We are given a demonstration of how posture affects the position of the organs inside the body by Kikuchi’s eldest daughter, Ōta Nobuko, herself an instructor in Kikuchi gymnastics. For the demonstration, she wears a special leotard bearing a life-size anatomical illustration of the insides of the body.
The two photographs below show what a difference posture can make. The photo on the left shows the pose typical of our modern lives, in which many of us spend hours at a desk every working day. The spine is bent, the body slumped forward. The picture shows the shocking extent to which the organs are squeezed and cramped inside the body. The picture on the right shows how sitting with your backbone straight and being aware of your body and internal organs can help you to relax and ease the stress and strain you are putting on your body and internal organs.
Simple steps like this illustrate how dramatically we can improve the condition of our bodies just by being aware of the connection between our conscious minds and the microcosmos inside our bodies.
The Beginnings of a New Approach
Kikuchi was born in 1934, in an area that now lies within the city of Daisen in Akita Prefecture. As a child of two, she suffered serious burns when she dropped a rag into the irori fireplace and put her right hand into the fire to pick it up. Eventually doctors were able to separate the fingers that had been joined together by the burn, but it was some time before she fully recovered from the after-effects of the injury—including the mental impact of her schoolmates commenting on the blackened color that long remained in her fingernails.

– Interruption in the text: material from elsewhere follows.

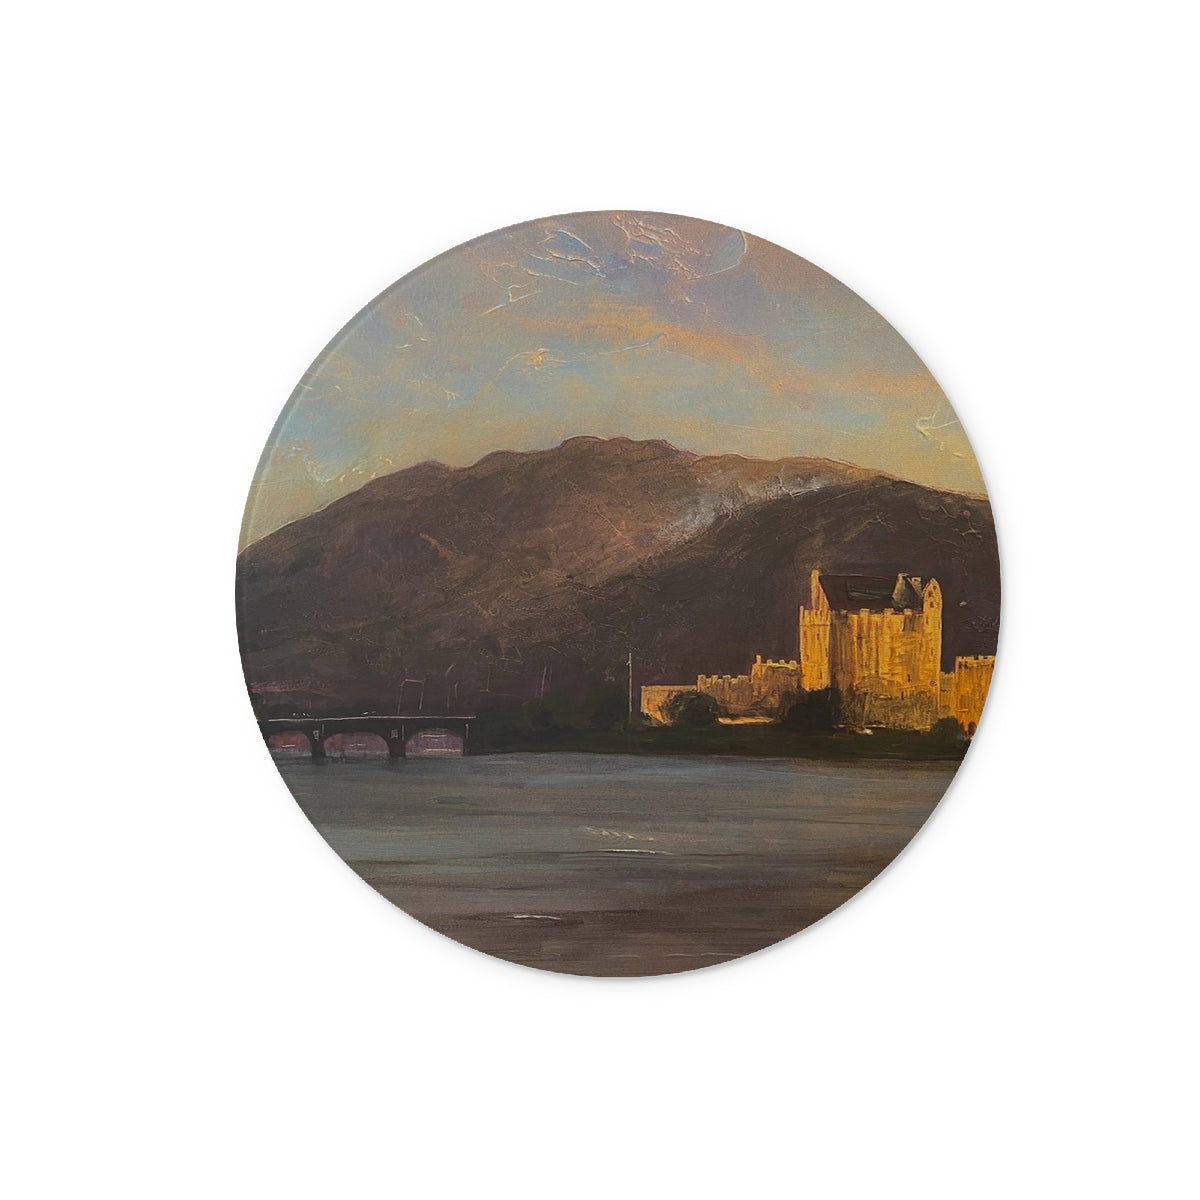 Eilean Donan Castle Art Gifts Glass Chopping Board-Glass Chopping Boards-Historic & Iconic Scotland Art Gallery-12" Round-Paintings, Prints, Homeware, Art Gifts From Scotland By Scottish Artist Kevin Hunter

The year after the war ended, she entered a high school for girls that was famous for its table tennis teams. Kikuchi fell under the spell of the game and vowed to become a player herself, but found it hard to grip the paddle. She suspended a ping-pong ball from the ceiling of the family home and spent hours practicing. She now says that this experience, in which she spent long hours consciously forging connections between her brain and each of her fingers, was the starting point for what later developed into Kikuchi gymnastics.
She graduated from Japan Women’s Junior College of Physical Education and became a physical education instructor at a junior high school, but soon had her doubts about how the subject was taught in schools. Although the purpose of physical education was purportedly to teach students to keep themselves physically fit for life, the priority in PE classes always seemed to be to get students to perform a given exercise better than their peers, or with aesthetically pleasing form. She got married not long after and left her job when she had her first child.
Kikuchi gymnastics began when Kikuchi was approached by other women living in the same housing complex, asking her to teach a gymnastics class. The first classes took place in the apartment communal recreation space. This was in the late 1960s, around 55 years ago. In those days, the idea of middle-aged women taking part in an amateur gymnastics class in their spare time would have struck many people as outlandish, so Kikuchi and her friends put up curtains to ensure privacy and protect the classes from prying eyes.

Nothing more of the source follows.